Pictures in the data should be dropped; transcribe exactly the lines from the one that has "RP Flag Flexfit" through the one that has "Sparrow international-best coffee".

▶ **Data to examine**
--------
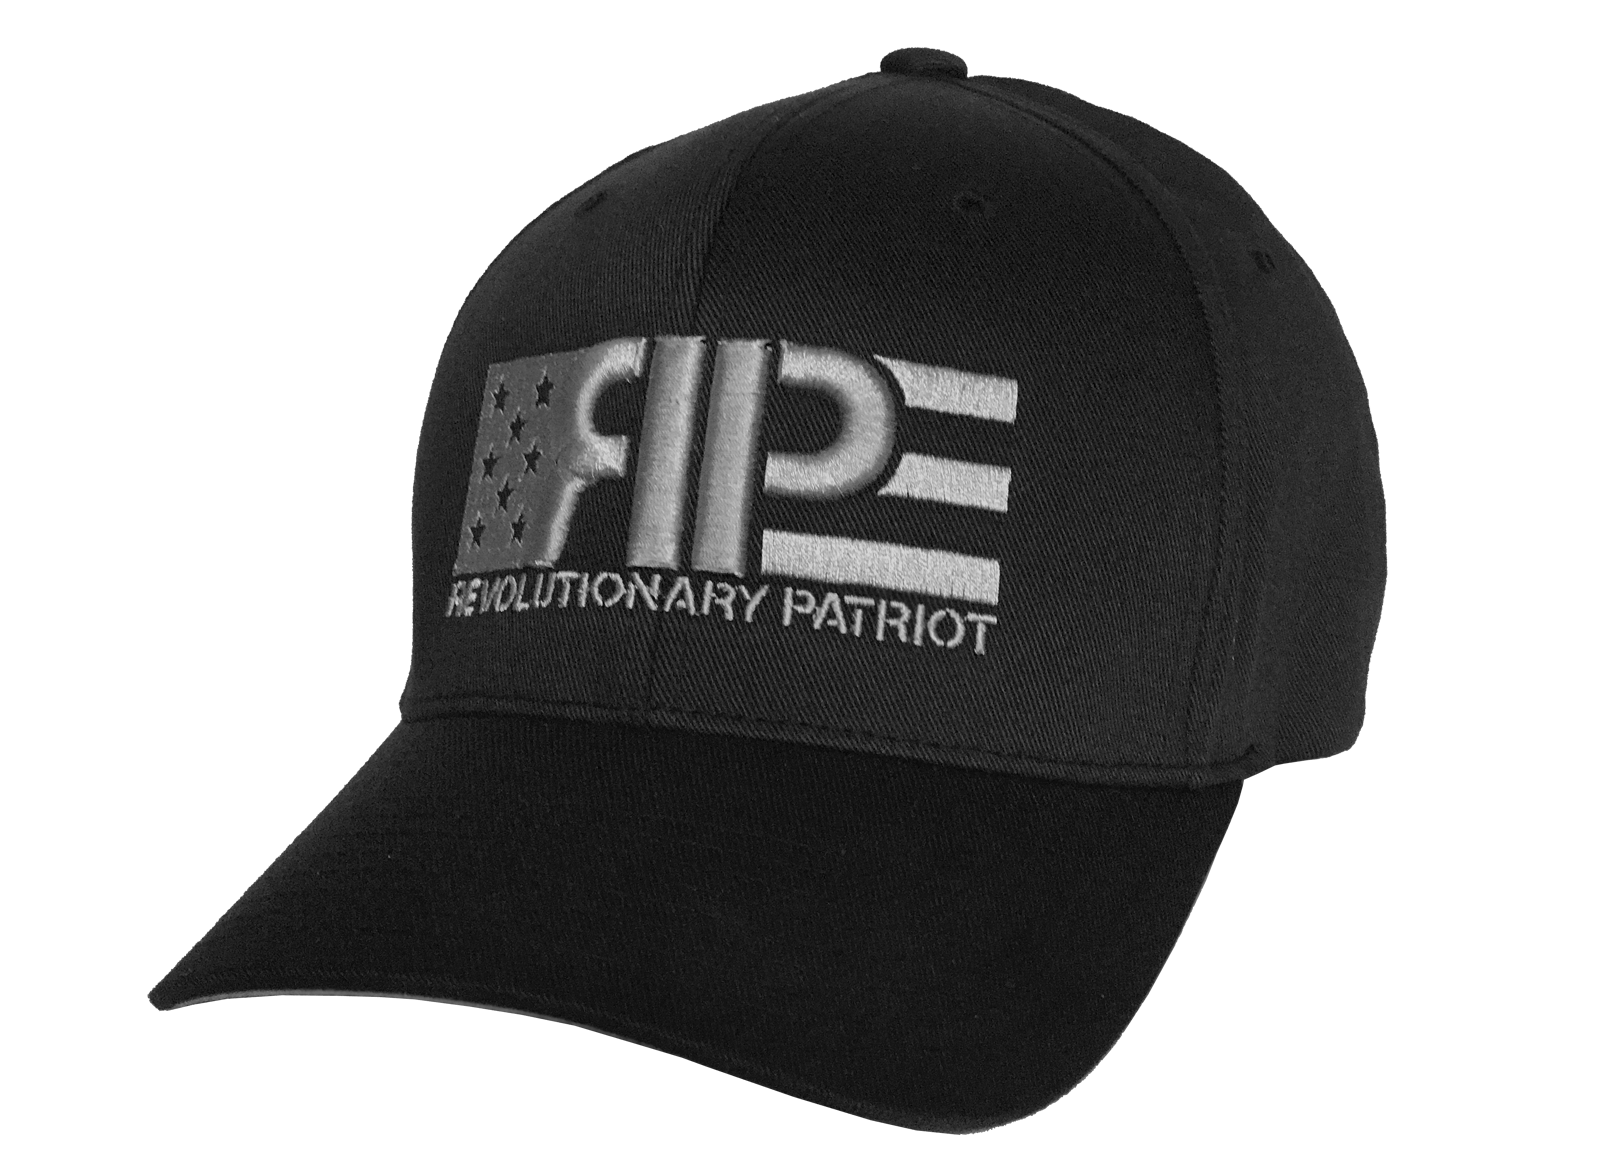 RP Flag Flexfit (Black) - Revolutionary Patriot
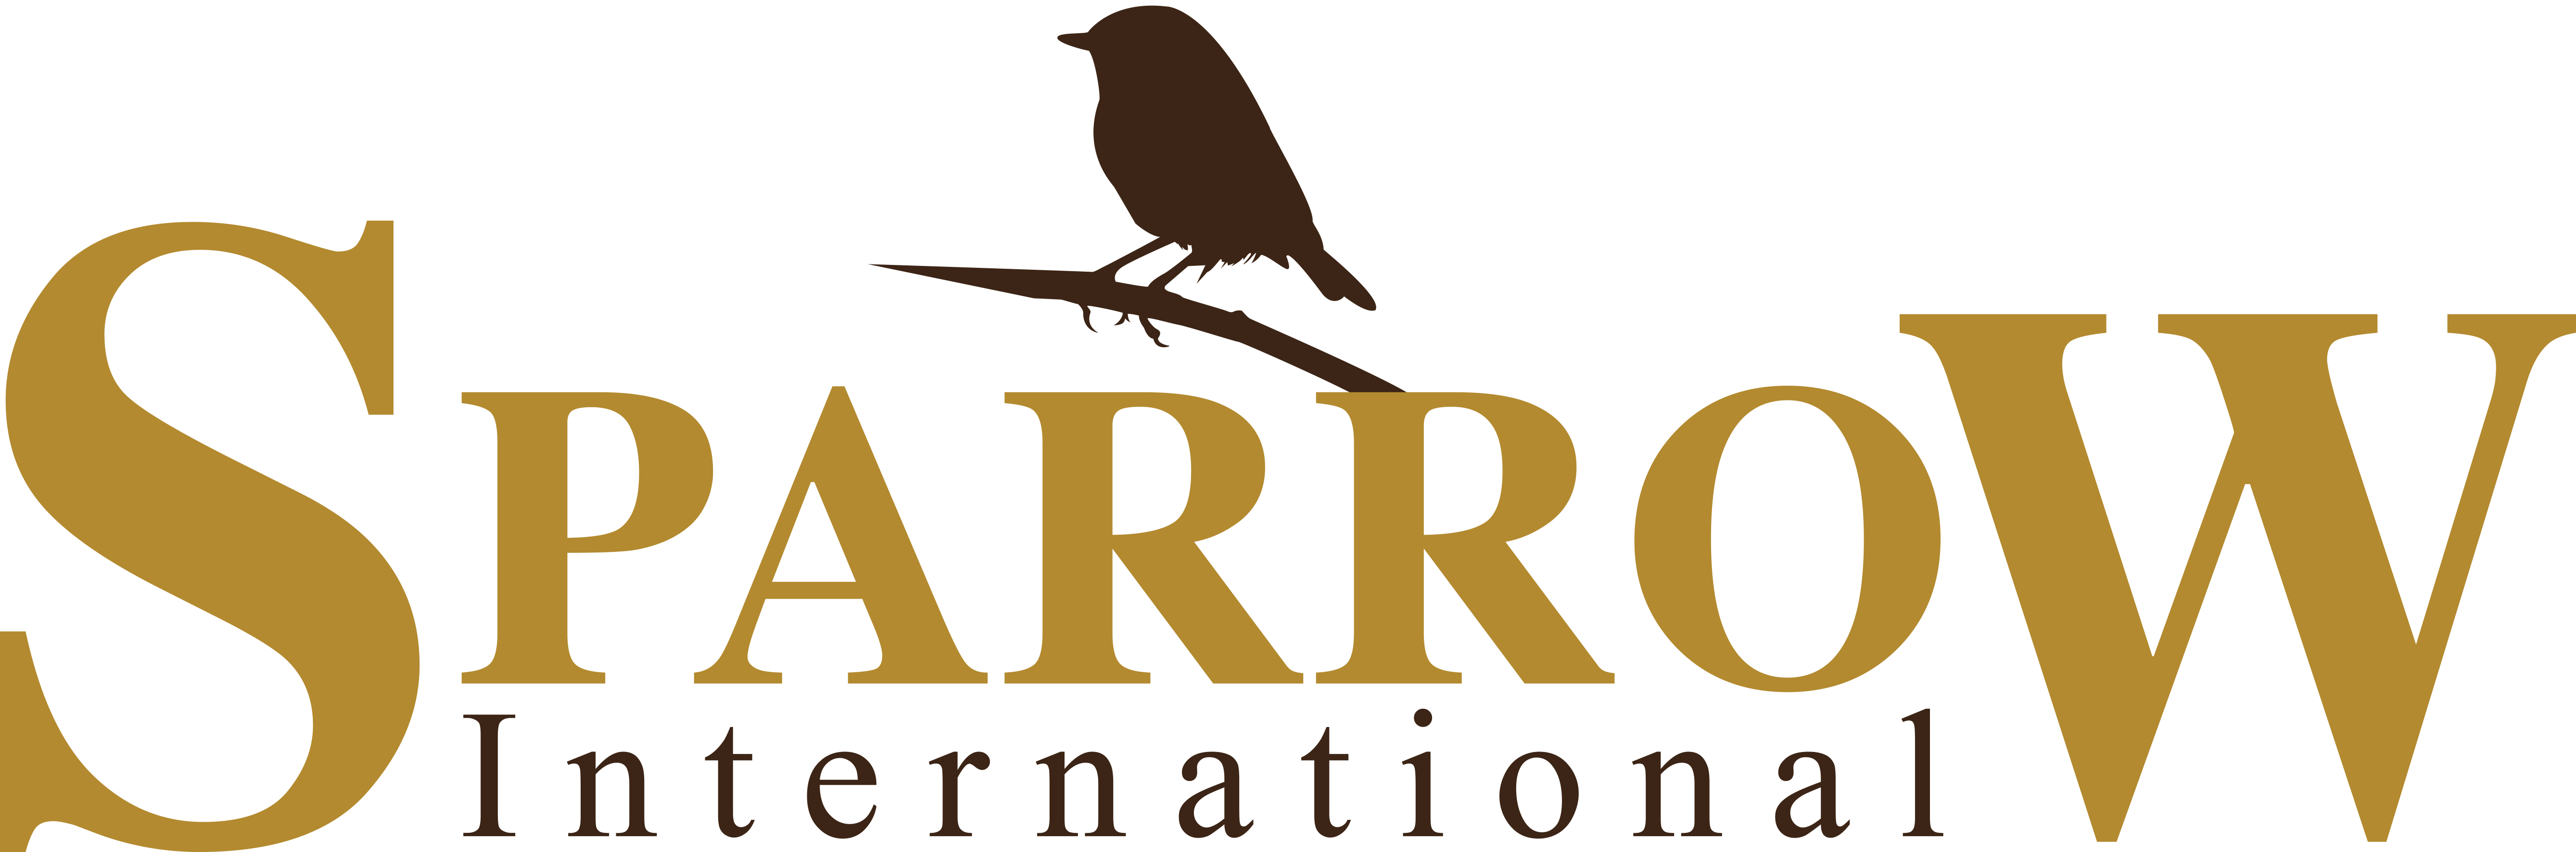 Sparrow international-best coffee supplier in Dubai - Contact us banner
--------
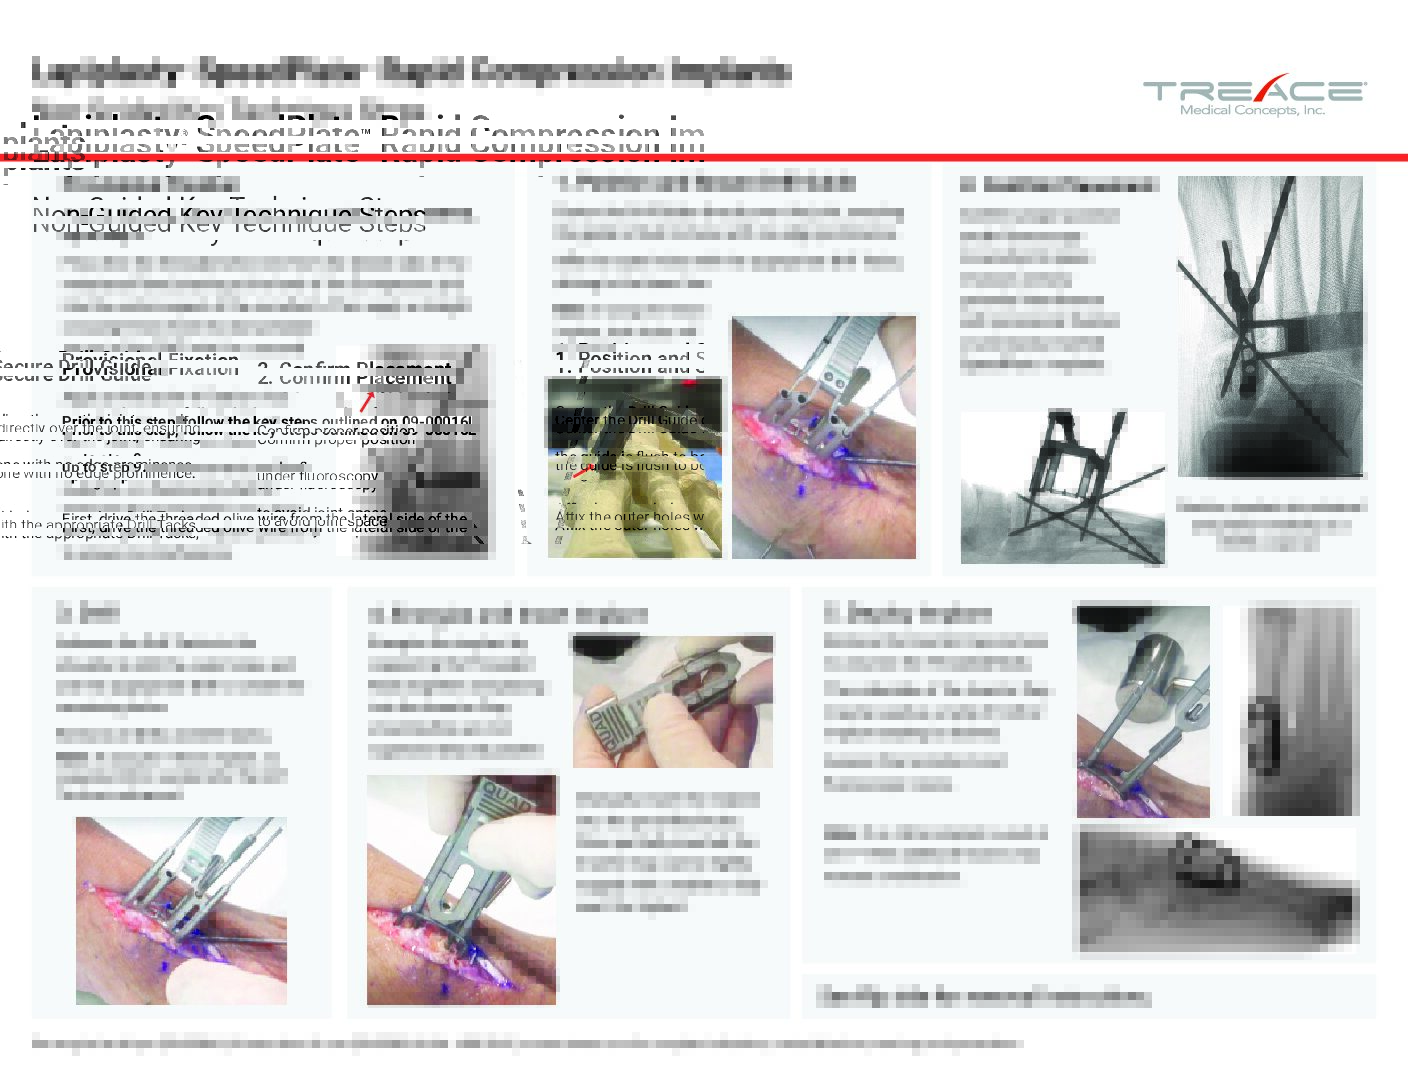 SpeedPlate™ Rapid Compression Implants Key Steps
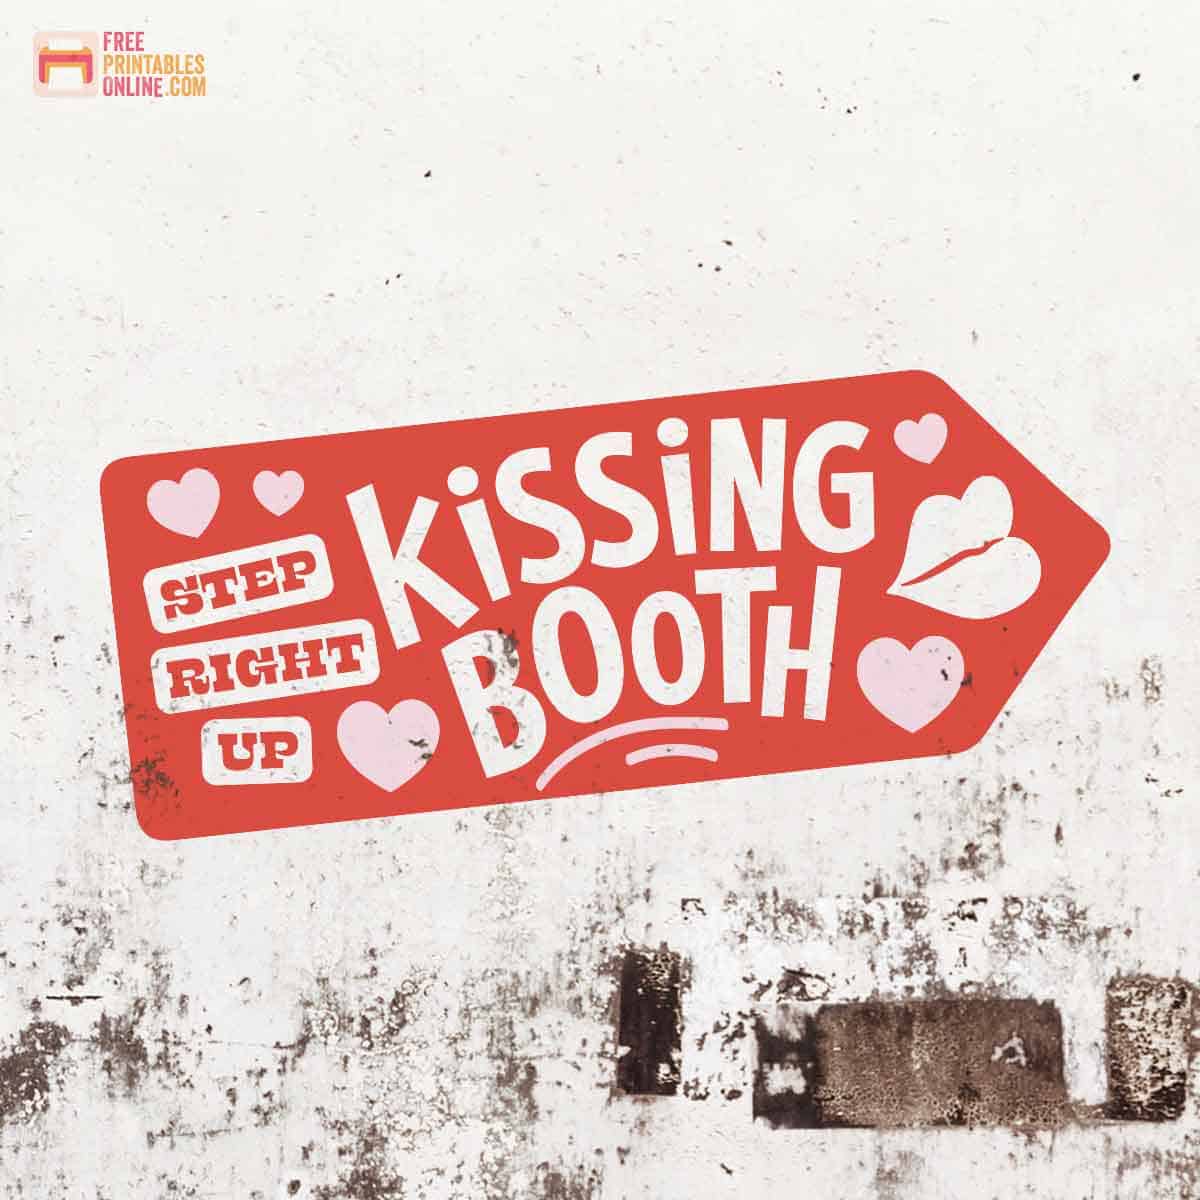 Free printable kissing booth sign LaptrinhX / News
--------
▶ **Exercise response**
 RP Flag Flexfit (Black) - Revolutionary Patriot
 Sparrow international-best coffee supplier in Dubai - Contact us banner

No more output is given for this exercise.